IQI Weekly Seminar
Abstract: Quantum circuit is believed to be hard to simulate by classical computers. In realistic situations, there is always noise, which makes the quantum gates imperfect. In this talk, I consider classical simulation of several different ensembles of quantum circuits without fault-tolerance, such that the strength of the noise is regarded as a constant (not scaling with the system size). The noise model we consider is mixture of Pauli errors which include depolarizing noise as a special case. We study this problem by combining tensor network representation and fourier analysis of boolean function. This exhibits that tensor network provides an elegant pictorial reasoning tool and unleashes the power of fourier transformation in analyzing noisy quantum systems.
First, I will prove for most of random quantum circuits, the measurement statistics is very close (exponentially decay with the strength of noise and circuit depth) to uniform distribution. This questions complexity-theoretic foundation of quantum supremacy by chaotic quantum circuit. Second, I will prove for a large proportion (say 99%) of ideal "classical" gates + noisy single qubit gates, there exists a polynomial classical algorithm simulating the measurement result to any constant additive error (say 0.01).

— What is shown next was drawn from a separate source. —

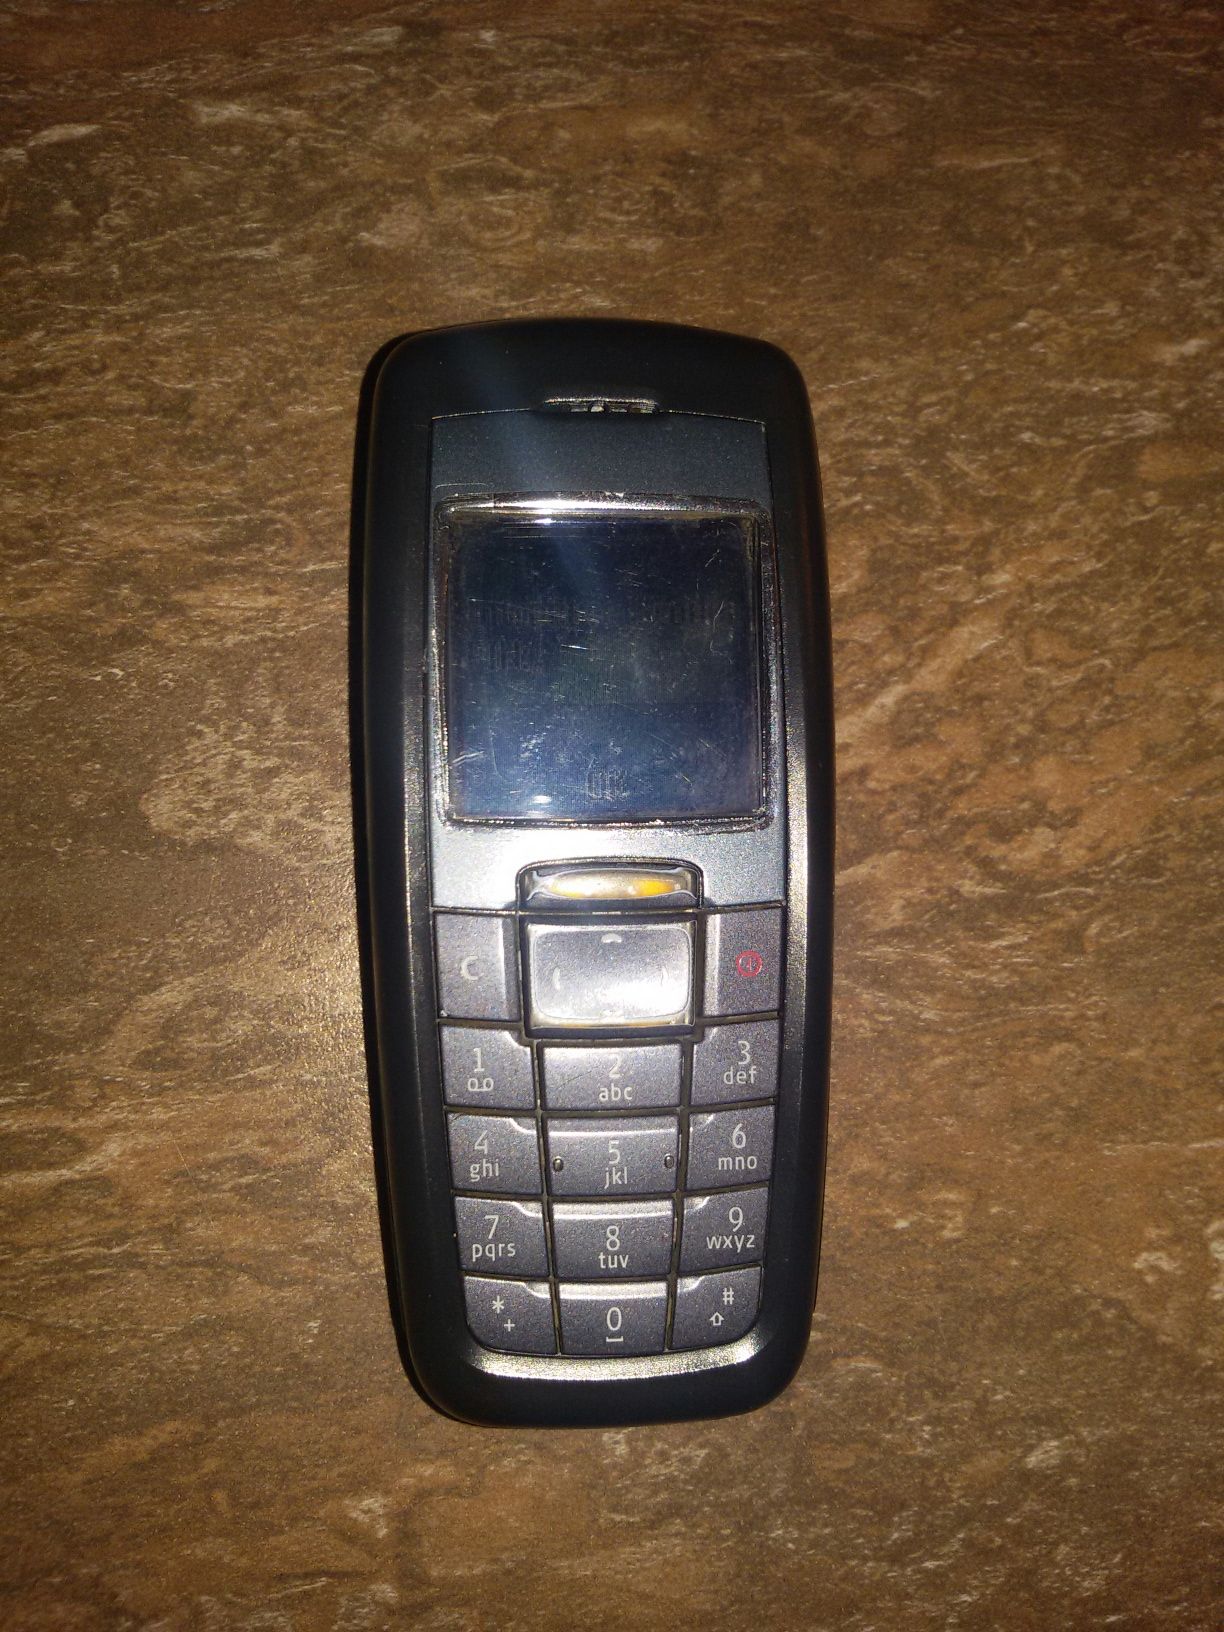 Telefon Nokia 2600

The "classical" gates can be Clifford gates, classical reversible gates, etc. Third, I will construct an example such that a large size noisy quantum circuit can be simulated by small scale quantum computers. Different from other effort along this direction, we consider a scenario without explicit restriction on the entanglement among different sub-systems.
This result might be a step towards understanding the computational complexity of analog quantum simulation and designing classical algorithm for simulating more physical noisy quantum systems. The result also introduces a question: for which kind of quantum evolution, the "quantumness" is robust to noise from computational point of view.